What to produce »
The result should hold only the lines from the one with "Eine Karte zeigt" through the final line of the data below, transcribed exactly, pictures left out.

Dataset section »
______________________________

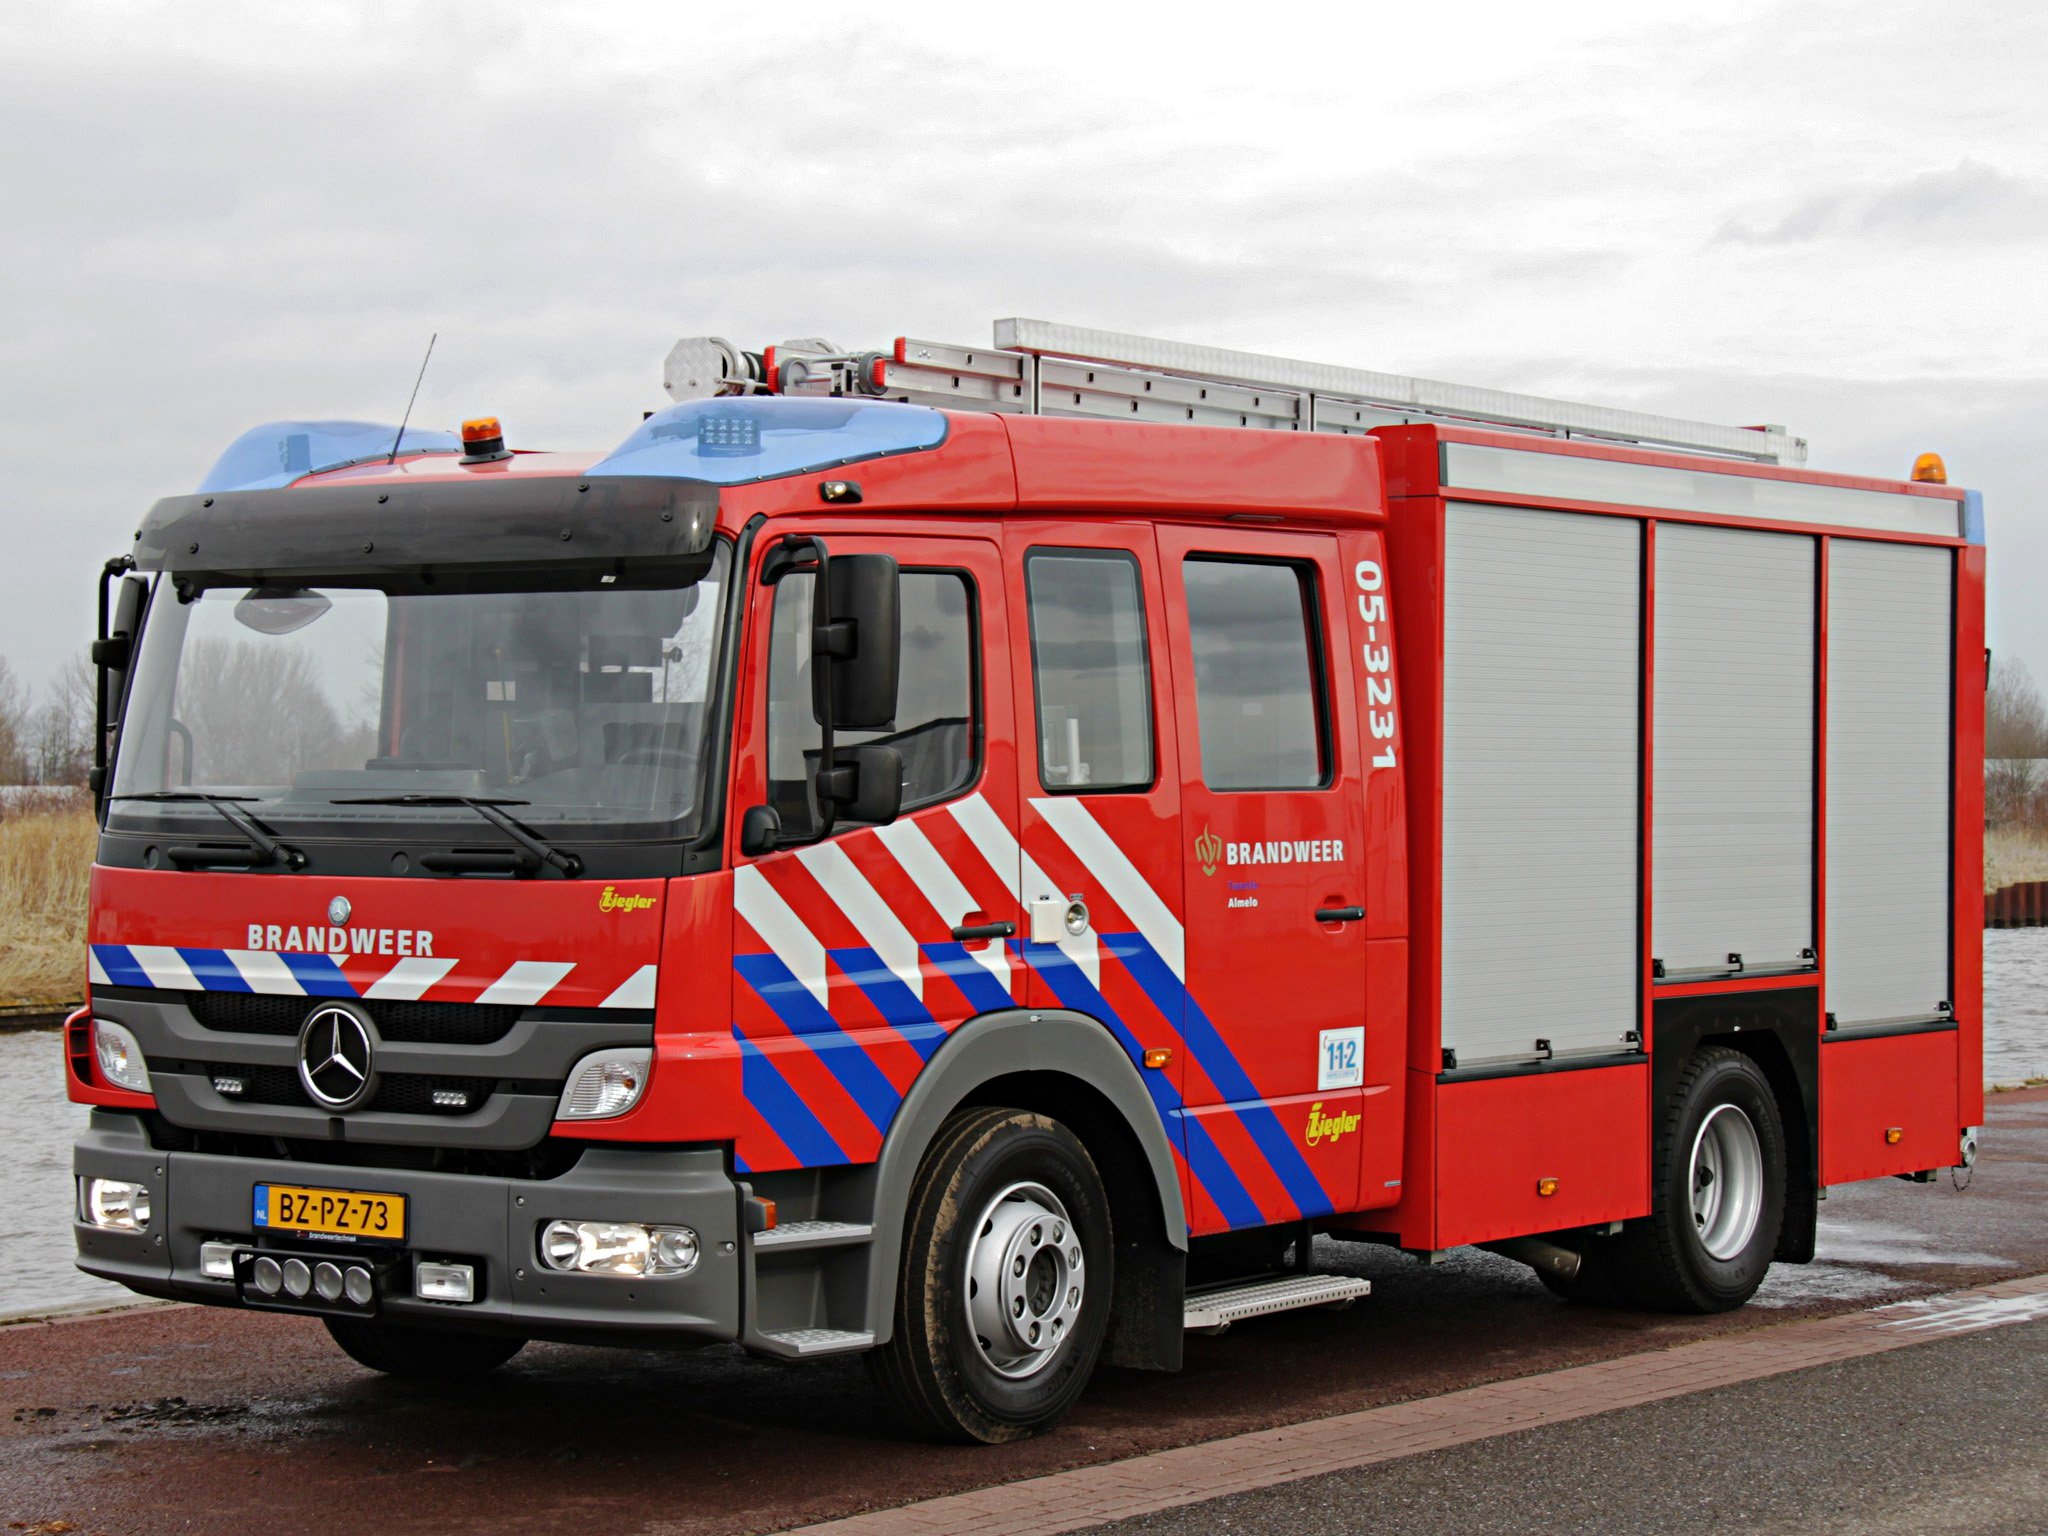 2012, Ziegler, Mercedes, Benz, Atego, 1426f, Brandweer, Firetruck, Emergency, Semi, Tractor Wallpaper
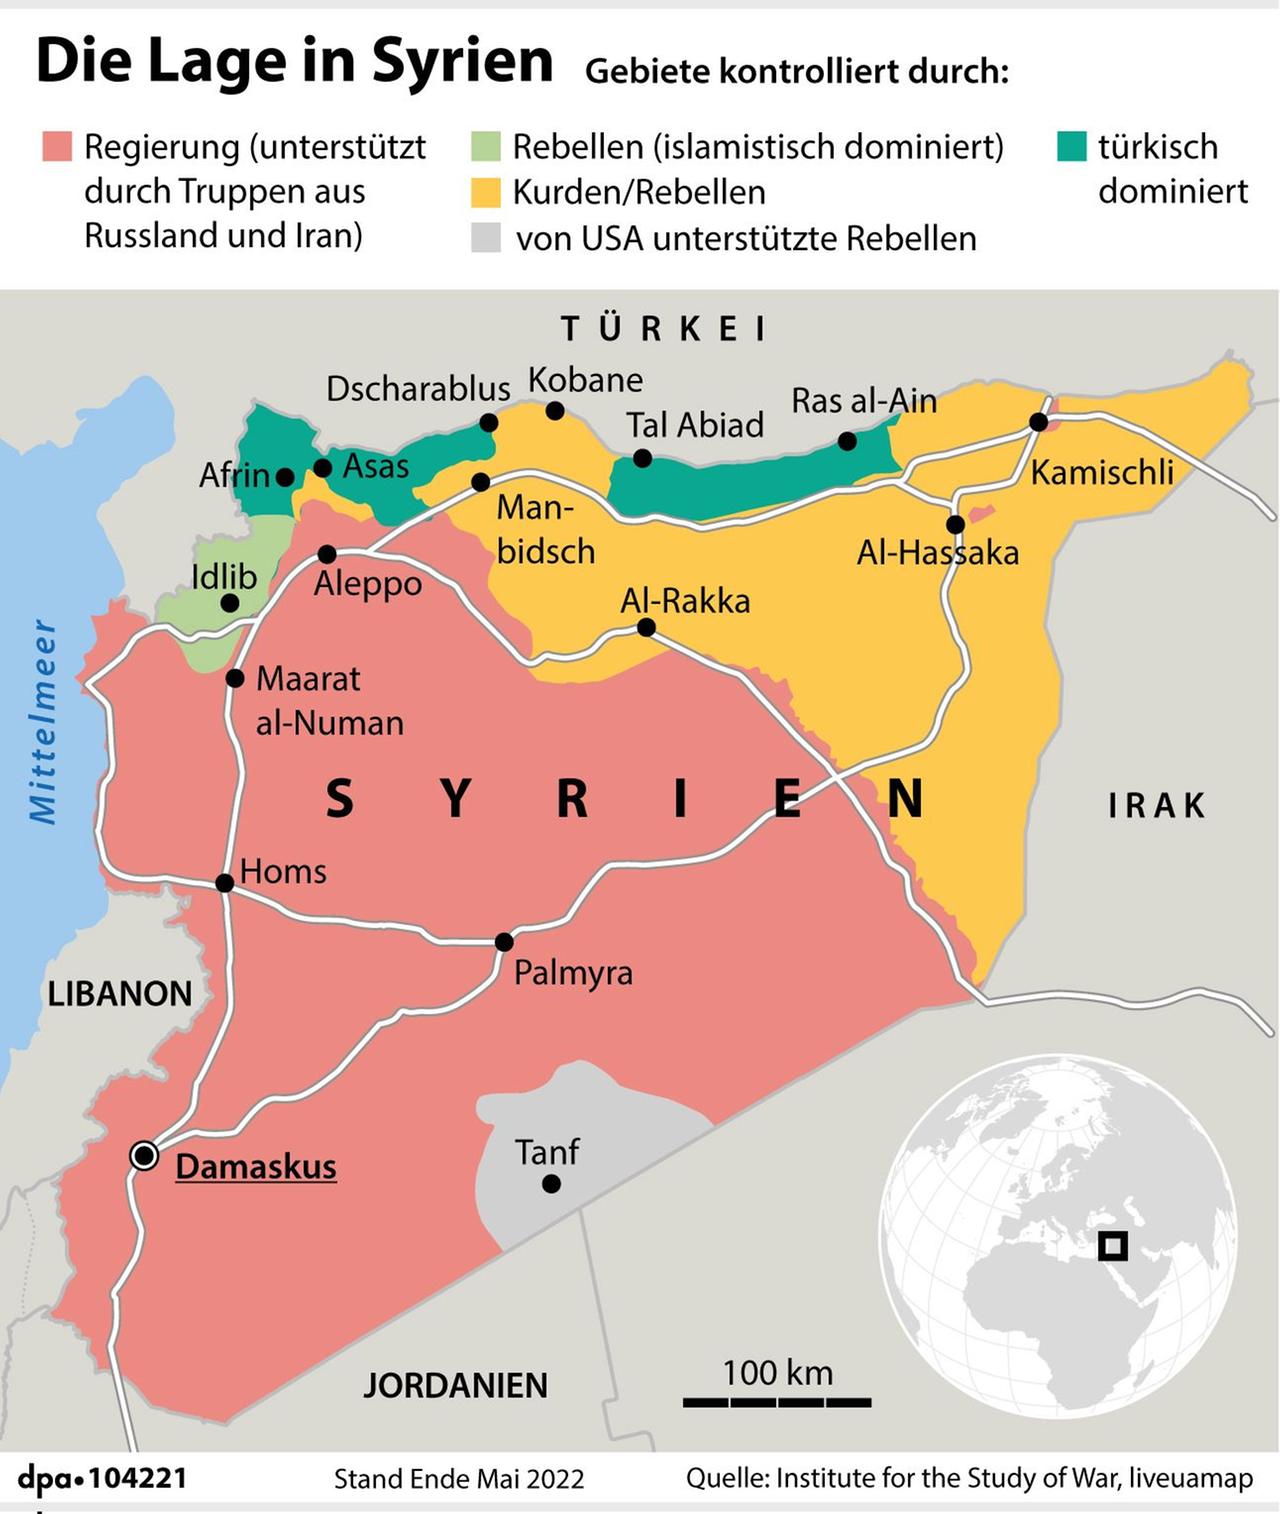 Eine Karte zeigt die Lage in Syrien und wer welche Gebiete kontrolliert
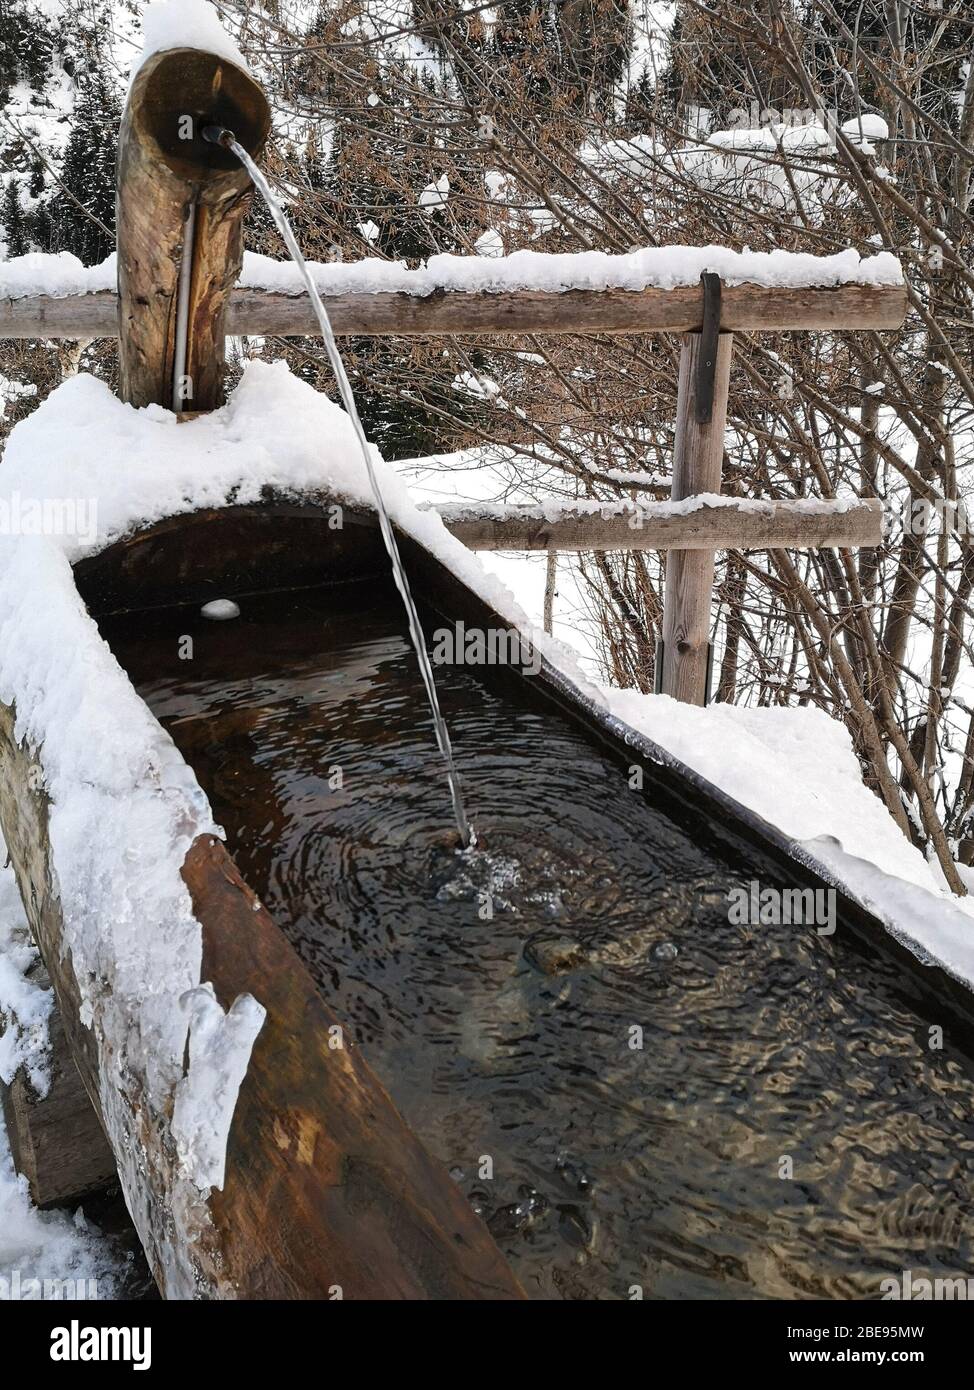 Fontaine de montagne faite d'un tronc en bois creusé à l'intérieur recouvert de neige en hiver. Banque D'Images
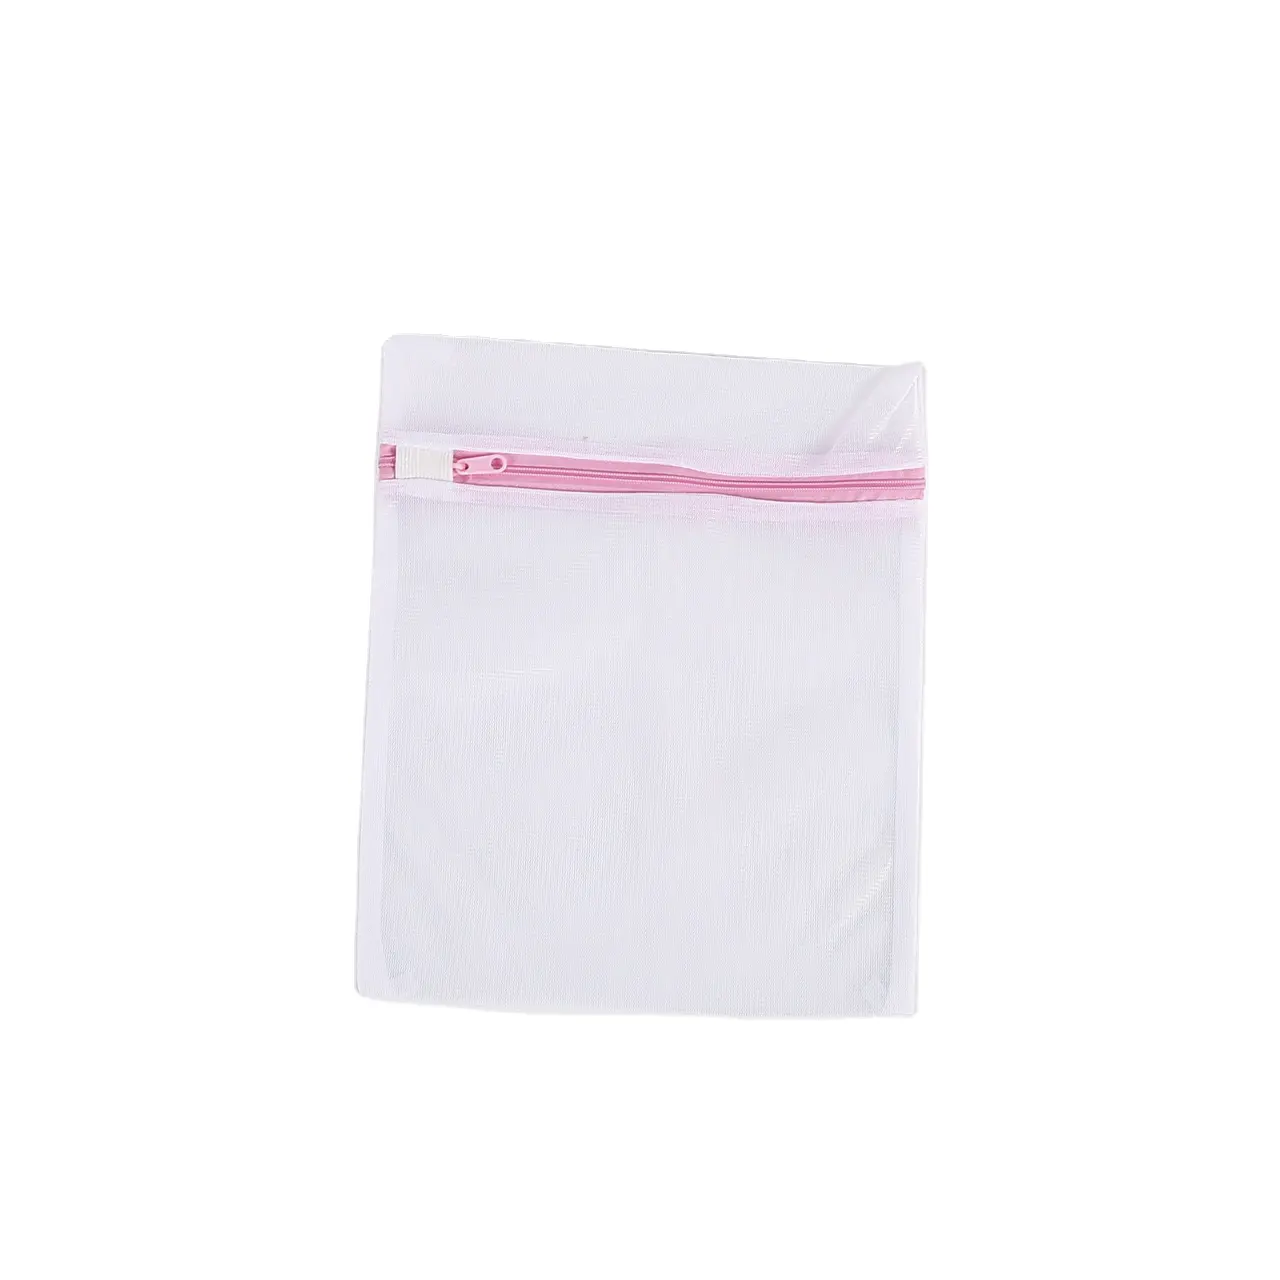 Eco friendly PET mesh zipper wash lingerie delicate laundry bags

______________________________

Exercise result »
 Eine Karte zeigt die Lage in Syrien und wer welche Gebiete kontrolliert
 Fontaine de montagne faite d'un tronc en bois creusé à l'intérieur recouvert de neige en hiver. Banque D'Images
 Eco friendly PET mesh zipper wash lingerie delicate laundry bags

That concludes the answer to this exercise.